I'm gonna restart the Repair process in a few more hours. If there are any
additional debug or troubleshooting logs you'd like me to enable first,
please let me know.

- Sameer



On Thu, Jul 21, 2011 at 5:31 PM, Jonathan Ellis <jbel...@gmail.com> wrote:

> Did you check for a JVM crash log?
>
> You should make sure you're running the latest Sun JVM, older versions
> and OpenJDK in particular are prone to segfaulting.
>
> On Thu, Jul 21, 2011 at 6:53 PM, Sameer Farooqui
> <cassandral...@gmail.com> wrote:
> > We are starting Cassandra with "brisk cassandra", so as a stand-alone
> > process, not a service.
> >
> > The syslog on the node doesn't show anything regarding the Cassandra Java
> > process around the time the last entries were made in the Cassandra
> > system.log (2011-07-21 13:01:51):
> >
> > Jul 21 12:35:01 ip-10-2-206-127 CRON[12826]: (root) CMD (command -v
> > debian-sa1 > /dev/null && debian-sa1 1 1)

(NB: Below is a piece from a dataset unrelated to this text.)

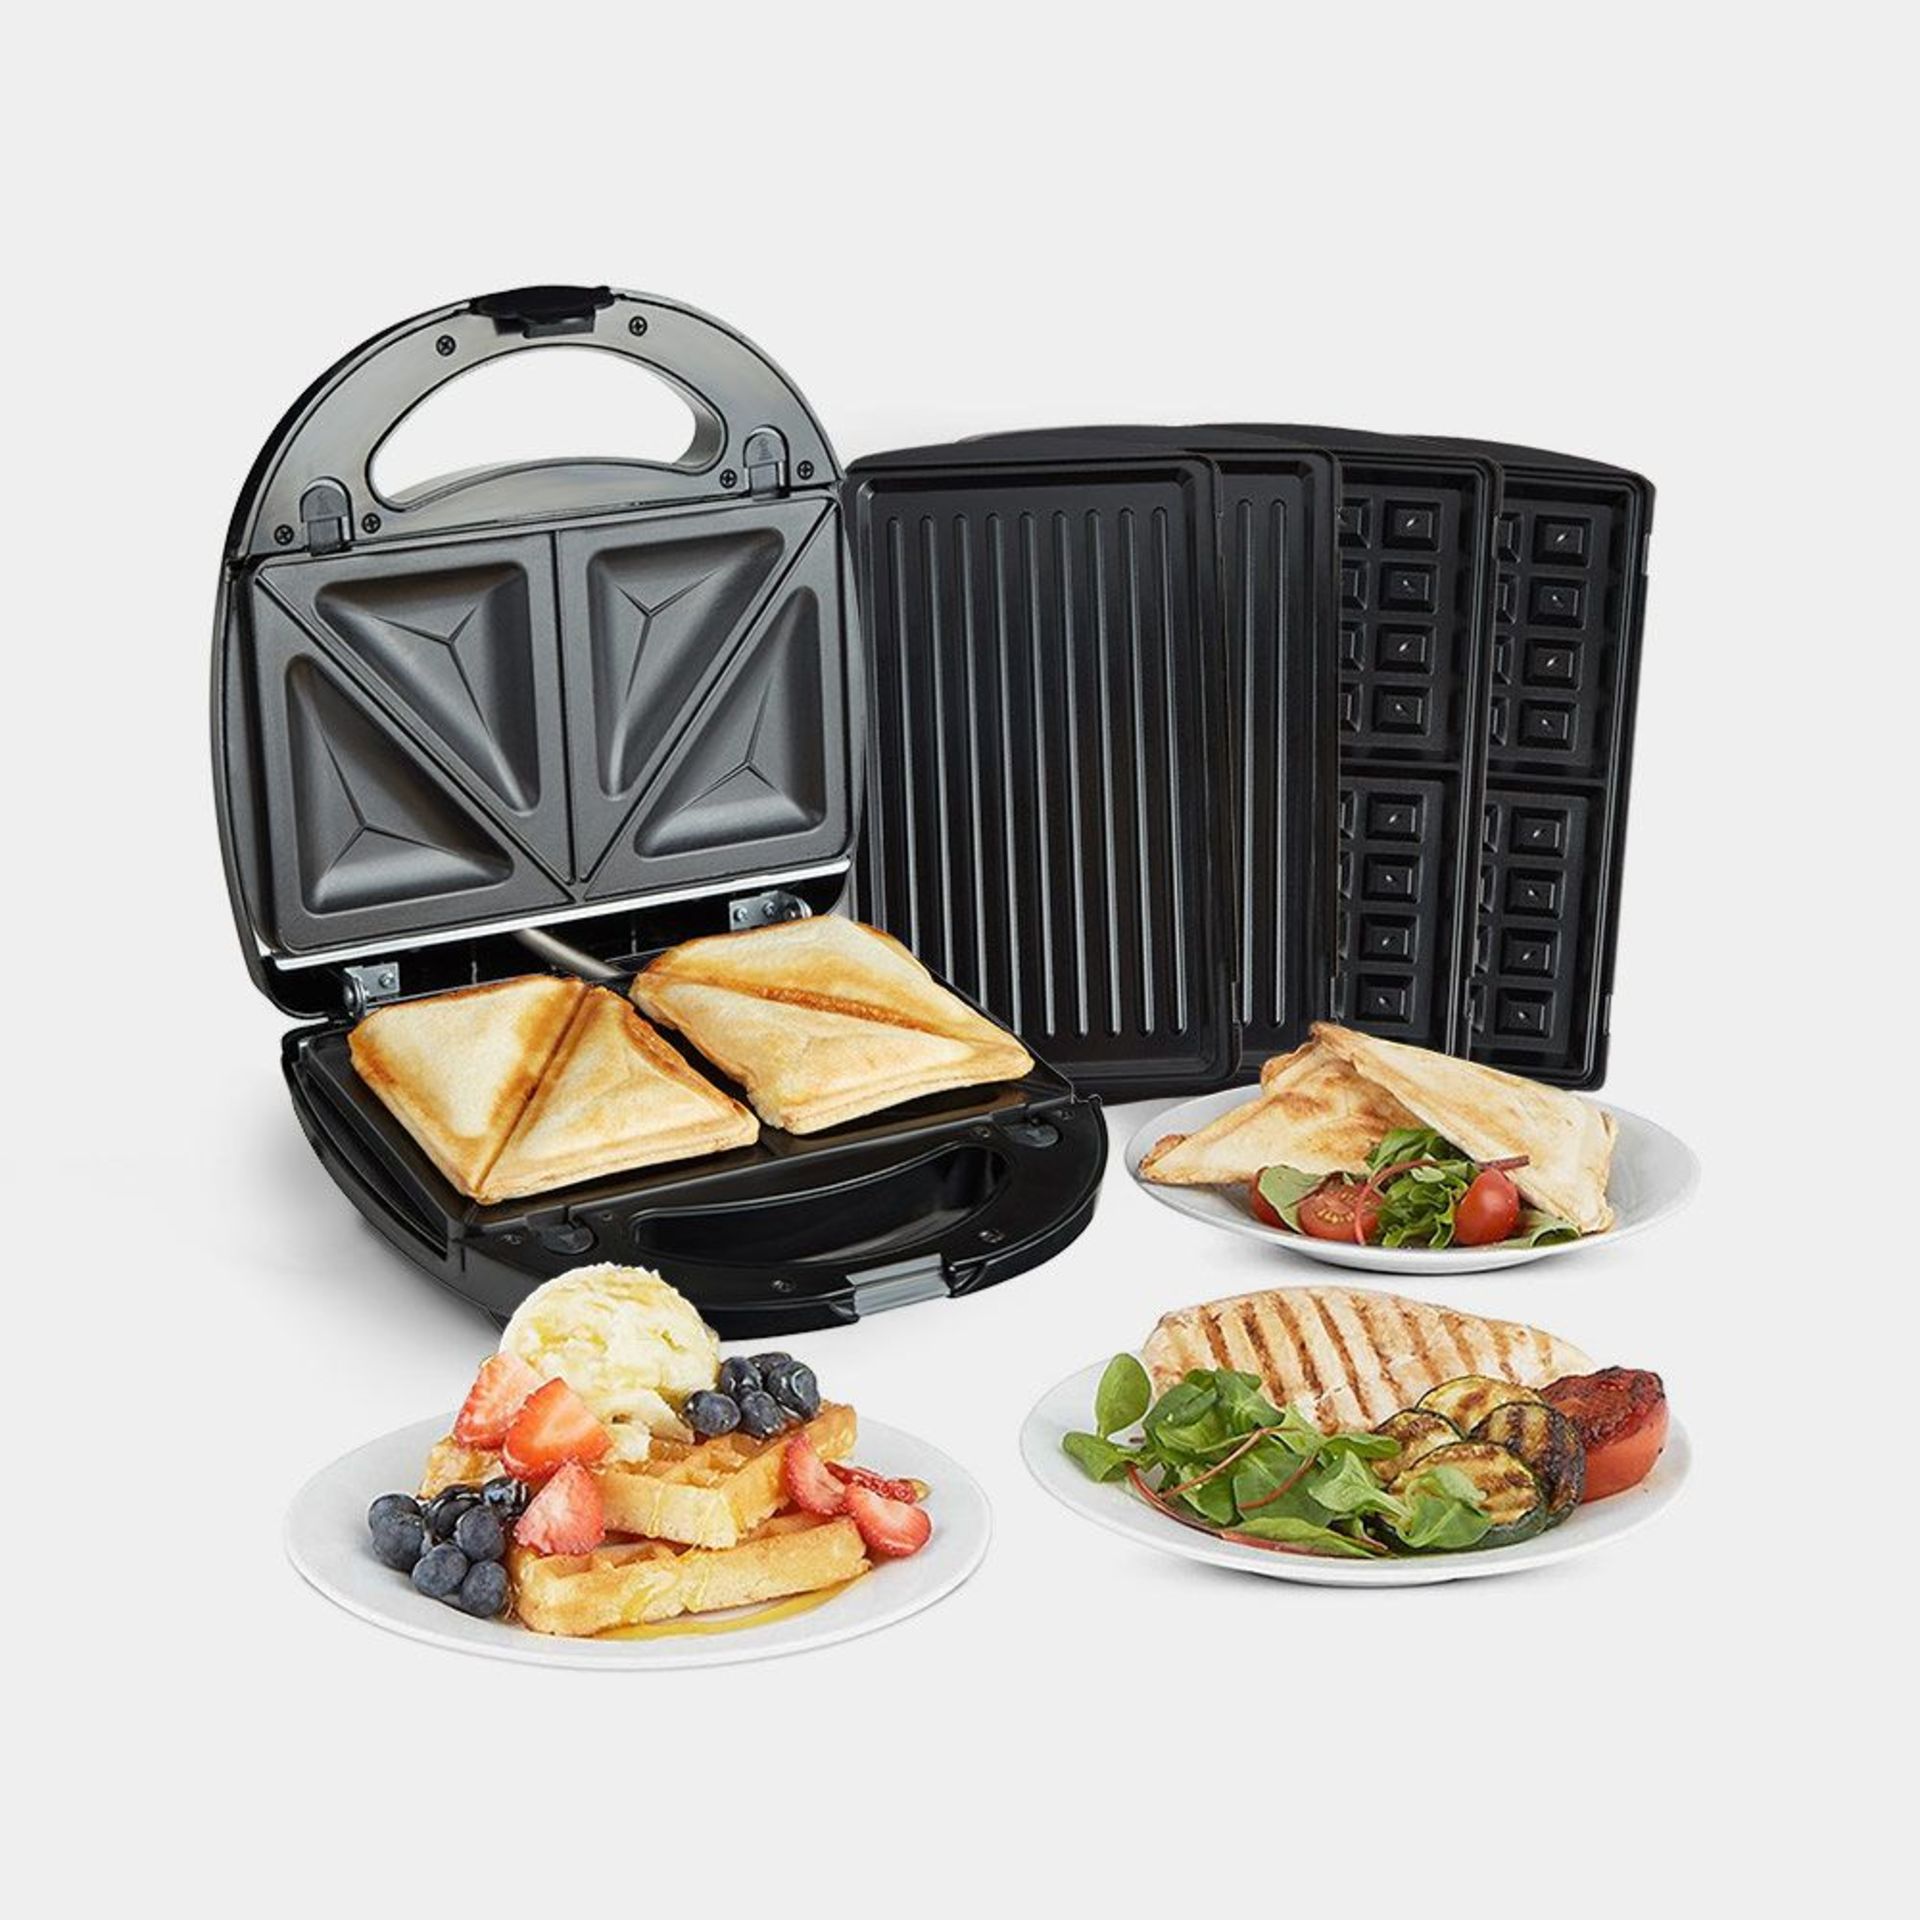 Toastie, Waffle & Panini Maker. When hunger calls, make sure you’re ready to deliver the tasty goods

> > Jul 21 12:45:01 ip-10-2-206-127 CRON[13420]: (root) CMD (command -v
> > debian-sa1 > /dev/null && debian-sa1 1 1)
> > Jul 21 12:55:01 ip-10-2-206-127 CRON[14021]: (root) CMD (command -v
> > debian-sa1 > /dev/null && debian-sa1 1 1)
> > Jul 21 14:26:07 ip-10-2-206-127 kernel: imklog 4.2.0, log source =
> > /proc/kmsg started.
> > Jul 21 14:26:07 ip-10-2-206-127 rsyslogd: [origin software="rsyslogd"

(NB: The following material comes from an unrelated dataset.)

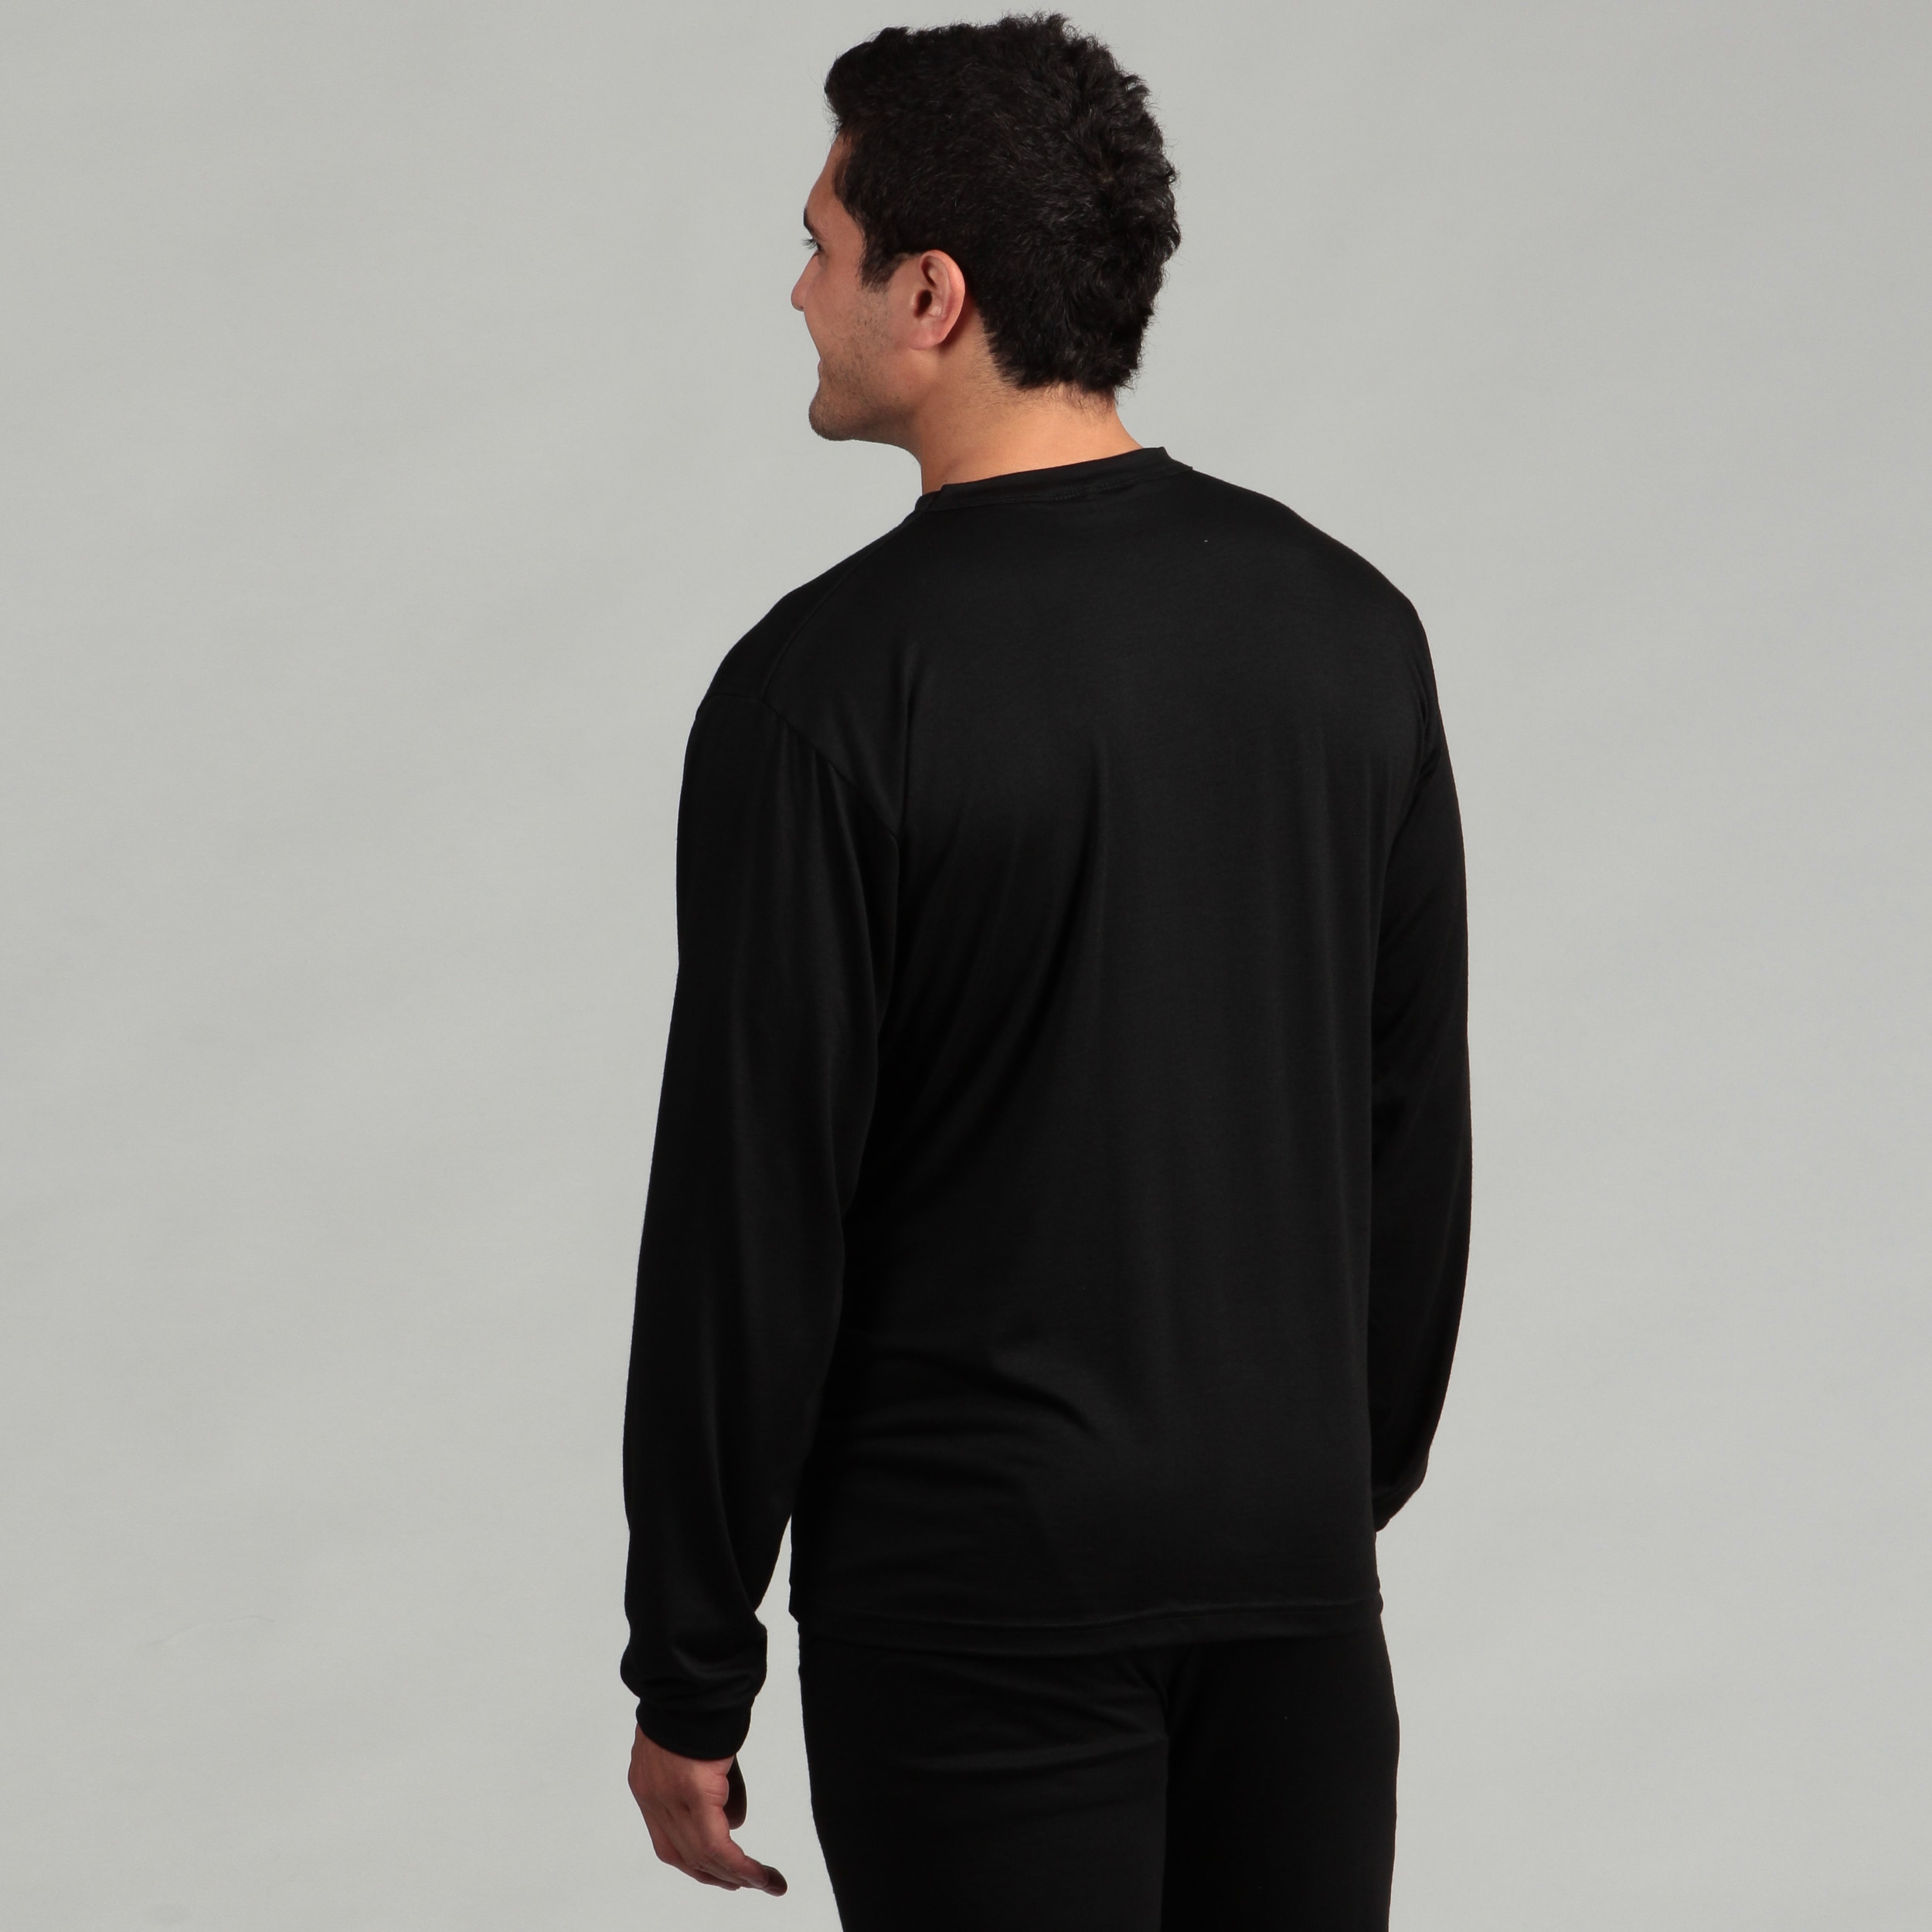 lightweight thermal clothing

> > swVersion="4.2.0" x-pid="663" x-info="http://www.rsyslog.com";] (re)start
> >
> >
> > The last thing in the Cassandra log before INFO Logging initialized is:
> >
> >  INFO [ScheduledTasks:1] 2011-07-21 13:01:51,187 GCInspector.java (line
> 128)
> > GC for ParNew: 202 ms, 153219160 reclaimed leaving 2040879600 used; max
> is
> > 4030726144
> >
> >
> > I can start Repair again, but am worried that it will crash Cassandra
> again,
> > so I want to turn on any debugging or helpful logs to diagnose the crash
> if
> > it happens again.
> >
> >
> > - Sameer
> >
> >
> > On Thu, Jul 21, 2011 at 4:30 PM, aaron morton <aa...@thelastpickle.com>
> > wrote:
> >>
> >> The default init.d script will direct std out/err to that file, how are
> >> you starting brisk / cassandra ?
> >> Check the syslog and other logs in /var/log to see if the OS killed
> >> cassandra.
> >> Also, what was the last thing in the casandra log before INFO [main]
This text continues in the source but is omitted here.